Reading via laptop part 1

I’m making my first attempt at reading an e-book.

Back story: Device-wise
I’ve nabbed a few e-books when I’ve seen them and thought I might be interested over the past year or two, but none of these has enticed me to actually attempt to read them onscreen. See, I have no e-reader. No Kindle, no Sony Reader, no iPhone (alas). While I may not be entirely happy with this situation, it appears to be part of a larger situation that we’re still collectively waiting to see how it unfolds.

I’ve written before (more than a year ago now) about how (free) e-books are great publicity for the author and the title but aren’t necessarily read much. My thought process goes something like this: Great, a free book! Ugh, I don’t really want to print this tome. Besides, even if I did — well, first it wouldn’t actually be free anymore — do I really want to read a finished book, which I’m not marking up, in unbound galley form? Not the most pleasant reading experience. Then again, neither is reading an entire book on the computer, either. This, for the reader, is an impasse. That free book doesn’t really do anything, except take up hard drive space.

Back story: Book-wise:
Just recently, though, an e-book found its way onto my hard drive that I decided I’d at least attempt to read. This is the first post in my ongoing attempt to chronicle this effort.

The book: Same Kind of Different as Me: A Modern-Day Slave, an International Art Dealer, and the Unlikely Woman Who Bound Them Together by Ron Hall and Denver Moore with Lynn Vincent (Thomas Nelson, 2006), 246 pages

Although this book was published in 2006, I don’t recall hearing anything about it — at least not anything that made me think the book might be for me (That is some subtitle, though, isn’t it?) — until February 2009. In February, while preparing for my writing hermitage, I asked for suggestions of books to read. This book was recommended over and over, by a barrage of friends, readers and non-readers alike. When I came upon an email offering me a free e-book of it a week or so ago, I decided to give it a shot.

Reading experience:
I started reading right away, and I made it to page 14 of the 246-page PDF document in the first day. I read that page count spread out over the course of the day, some while sitting at the desk and some at the couch, where I’d taken the laptop for that purpose specifically. The story pulled me right in.

After looking at the screen all day, though, I was happy to switch out the e-book for a different title, this time in real-life book form.

This is the first in what I’m planning to be a series of brief (much shorter than this!) journal-type posts about my experience reading an e-book. On a laptop. Hope you enjoy it. I’d love feedback.

Anything you want to know?


8 responses to “Reading via laptop part 1

  1. Liked this post. I actually have a Sony Reader, so I do most of my ebook reading on that. Before that, I used to read on my computer screen every once in awhile.

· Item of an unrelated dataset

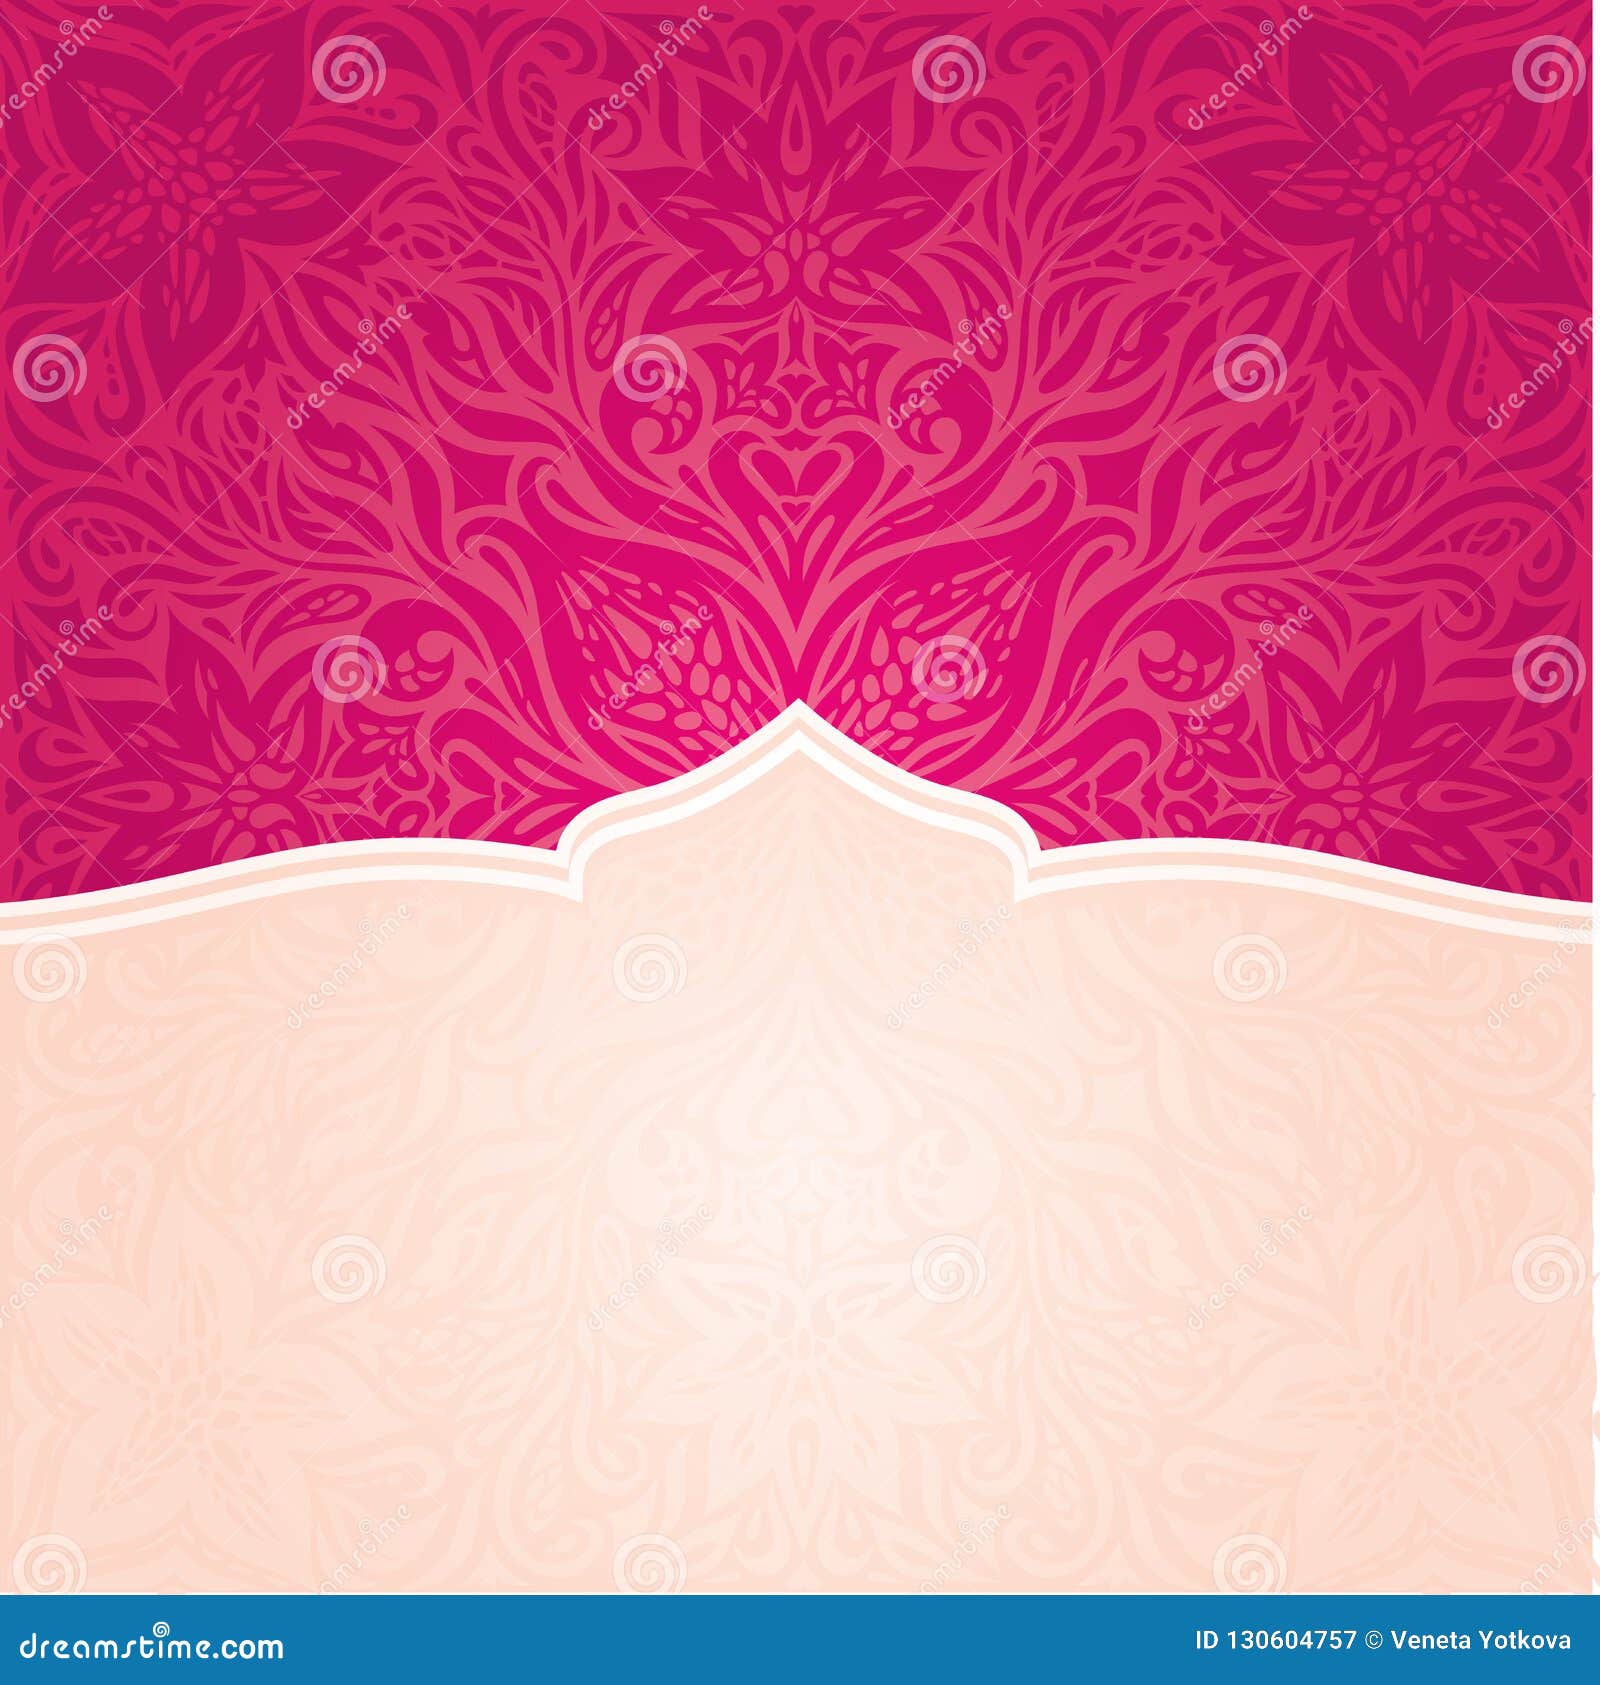 Red Floral Vector Pattern Wallpaper Mandala Background Trendy Fashion Mandala Design With Copy Space Stock Vector Illustration Of Pattern Holiday 130604757

It ended up giving me headaches and making my eyes really tired!

  2. I think that’s how I’d feel – happy to have a regular book back in my hands.

  3. I just want you to keep us posted. I started an ebook for the first time also last week, The Beekeeper’s Apprentice by Laurie R. King. I’m getting sucked into the book but I do wish I could hold it and sit somewhere besides my desk to read it.

  4. Thanks for your post! I love hearing other experiences with e-books. I, like you, was hesitant to read e-books. You know…that wonderful book smell, the feel of a book in your hands, the feeling of always knowing how much farther you have to read, etc. Well, I was given a Kindle for my birthday last year, and I also found that once the story sucked me in, it pretty much didn’t matter what form the story came in anymore. I still bounce back and forth between the Kindle and real books (and carry both around with me when I’m out and about…yes, very heavy at times), and have only read one e-book on the computer. It does seem that as long as the story is good, you get carried away from it all anyway! 🙂

  5. Hi – wanted to stop by and let you know I gave you a blog award:

    Have a wonderful weekend!

  6. Oh yes, great subtitle! I’ve heard of the book, but haven’t ever looked into it.

    Reading on screen is very hard for me. That’s probably why I tend towards writing shorter blog posts! : )

    Enjoyed your comment over on Seedlings, btw. It’s a hard topic. Hard to be even-keeled about, hard to figure out what’s really going on in hearts, heads, pocketbooks and publisher’s meeting rooms.